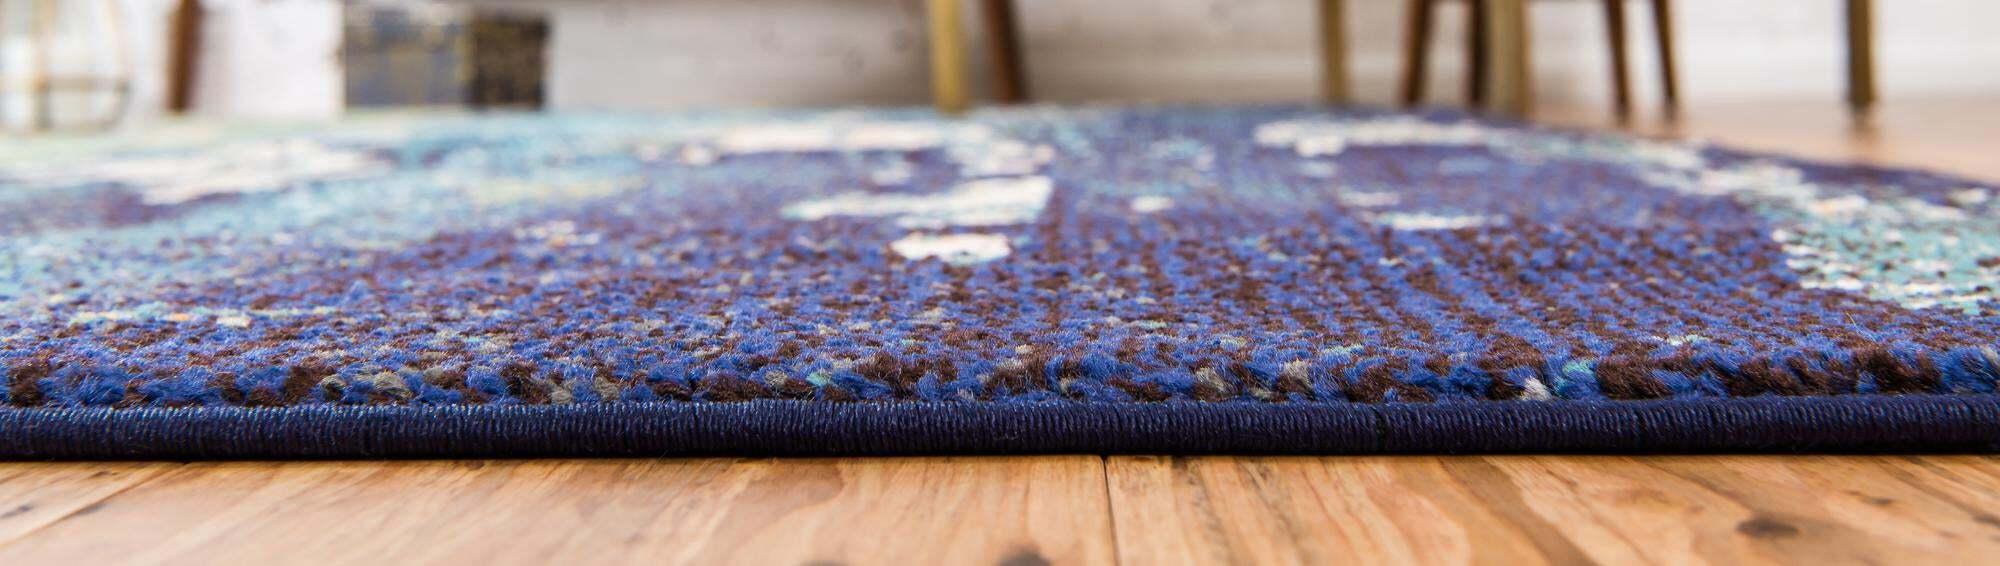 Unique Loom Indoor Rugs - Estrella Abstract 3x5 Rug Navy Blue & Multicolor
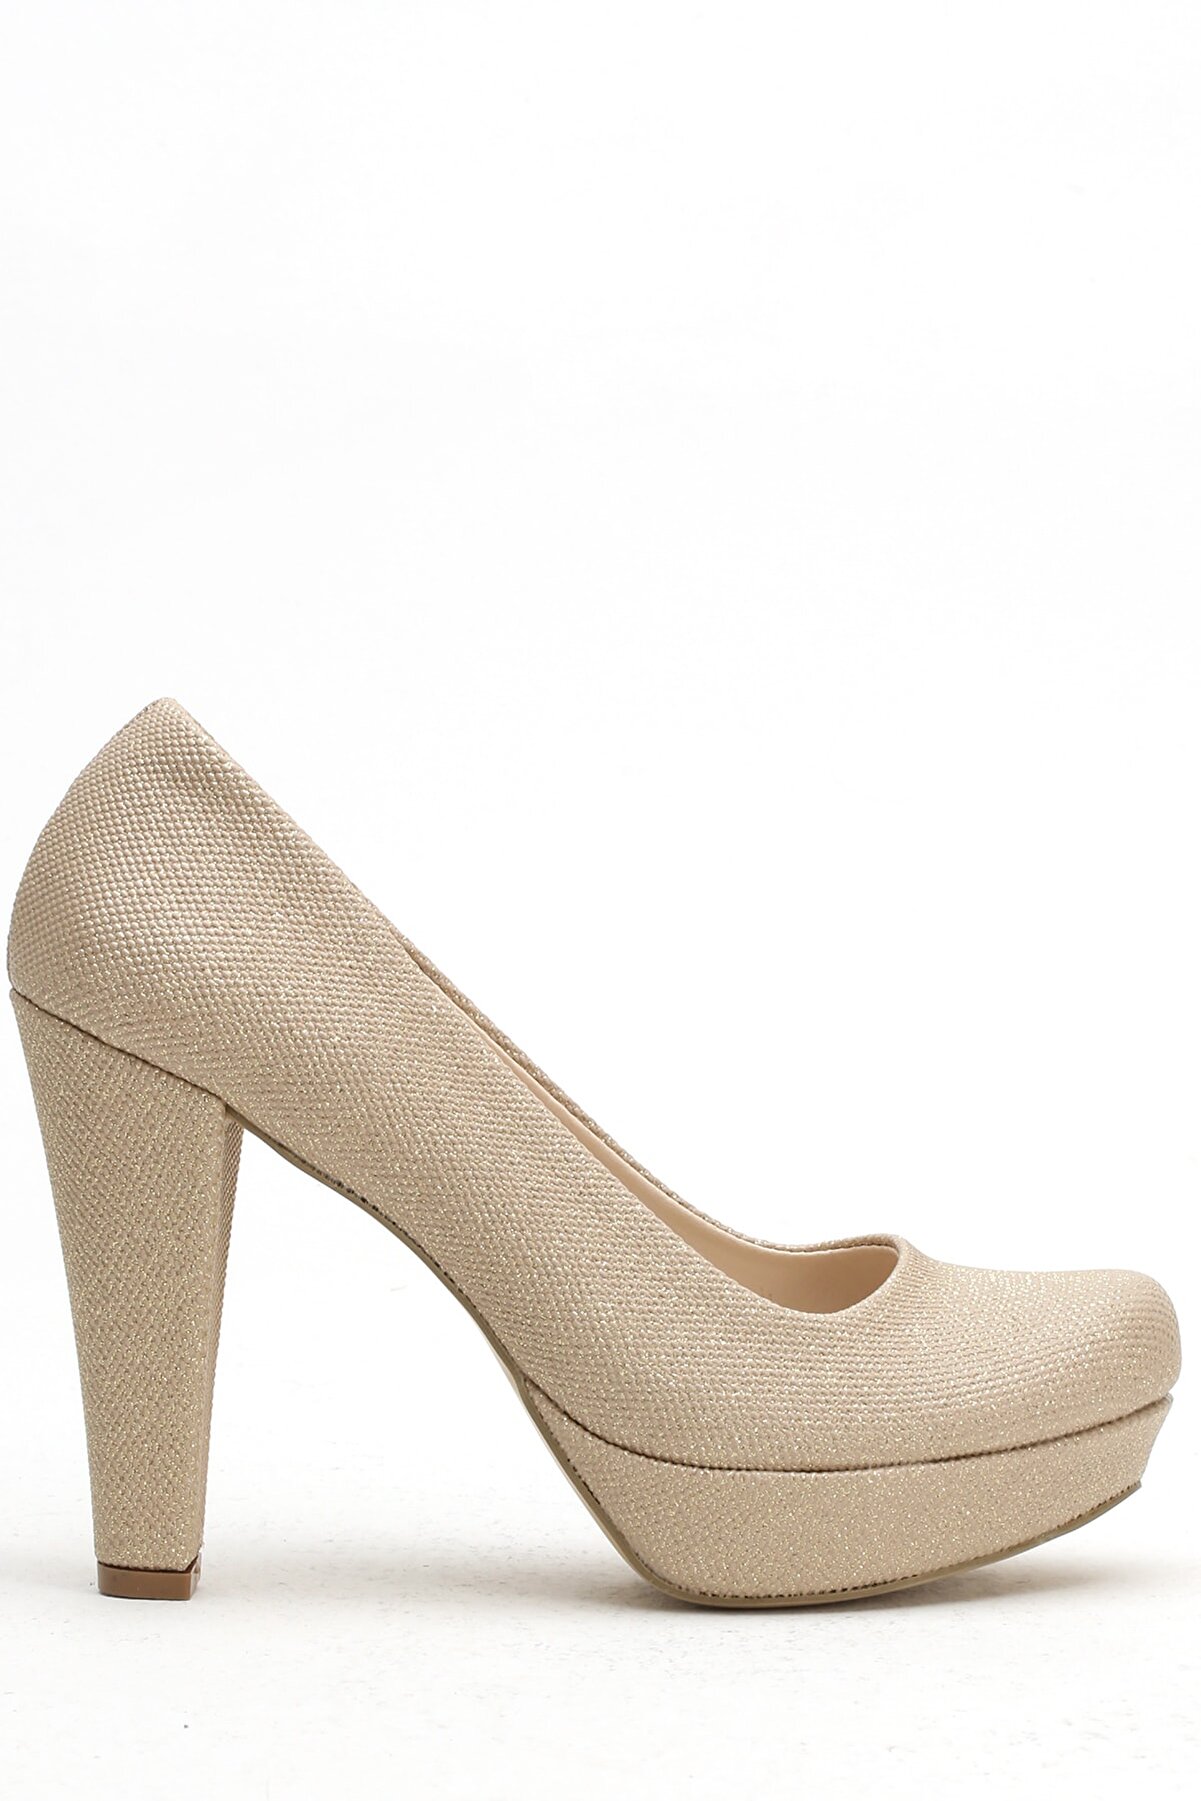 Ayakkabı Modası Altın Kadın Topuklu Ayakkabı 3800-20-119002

+---+

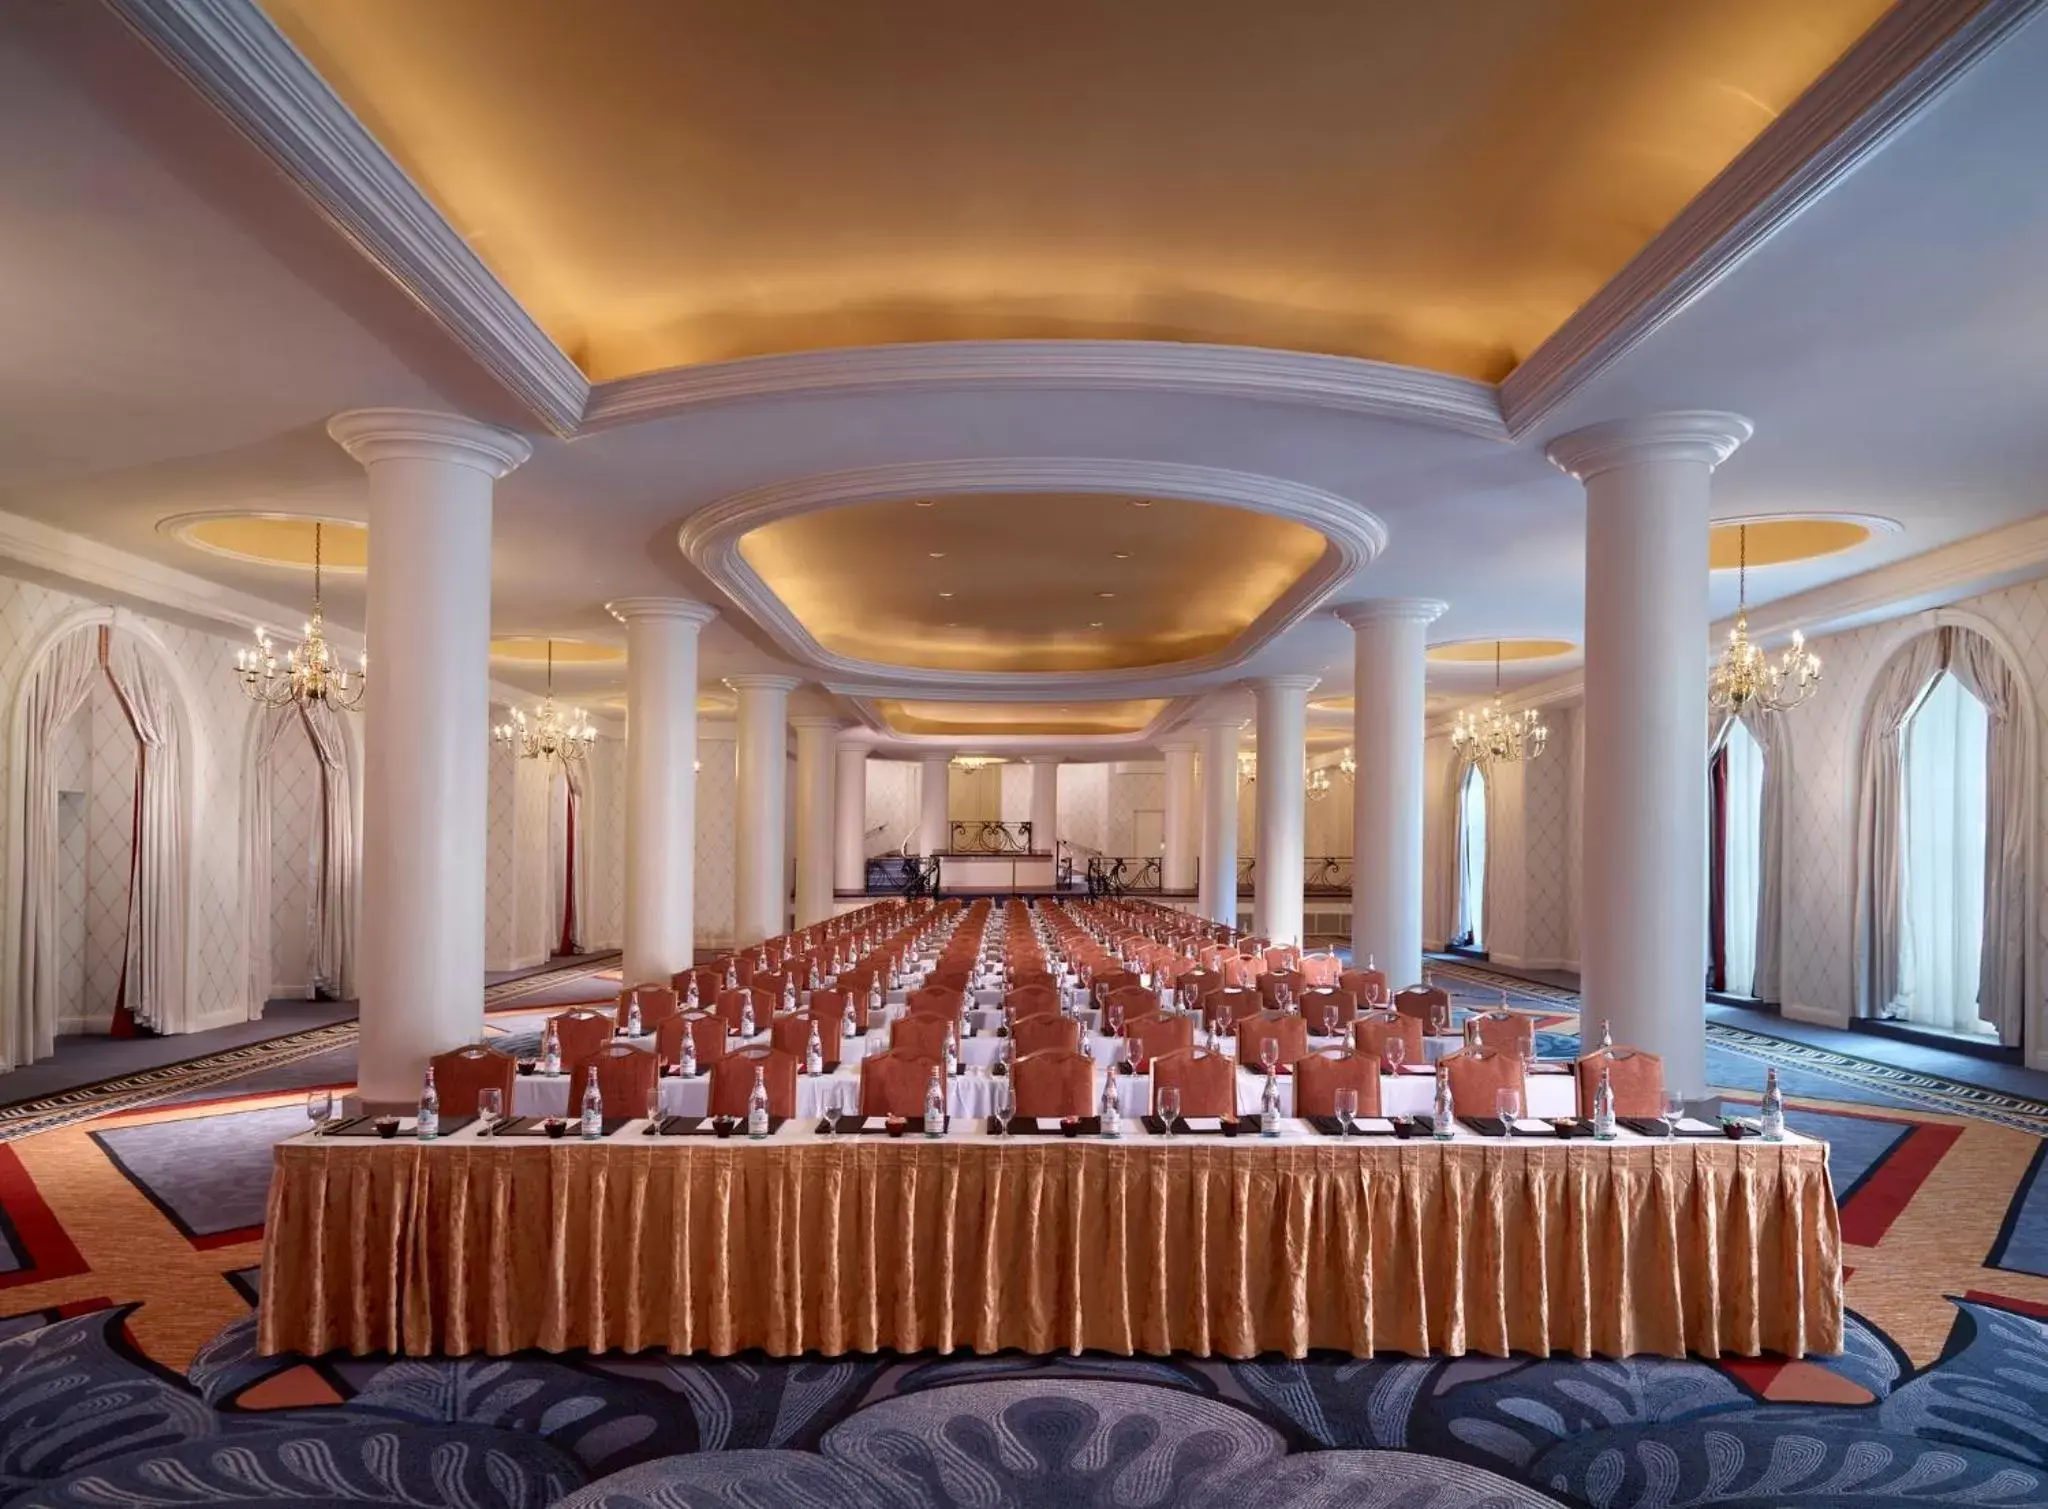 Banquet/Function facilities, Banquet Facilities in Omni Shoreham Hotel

+---+

Starting at the line above with "Unique Loom Indoor", output every line exactly up to and including the line with "Ayakkabı Modası Altın", but none of the pictures.

 Unique Loom Indoor Rugs - Estrella Abstract 3x5 Rug Navy Blue & Multicolor
 Ayakkabı Modası Altın Kadın Topuklu Ayakkabı 3800-20-119002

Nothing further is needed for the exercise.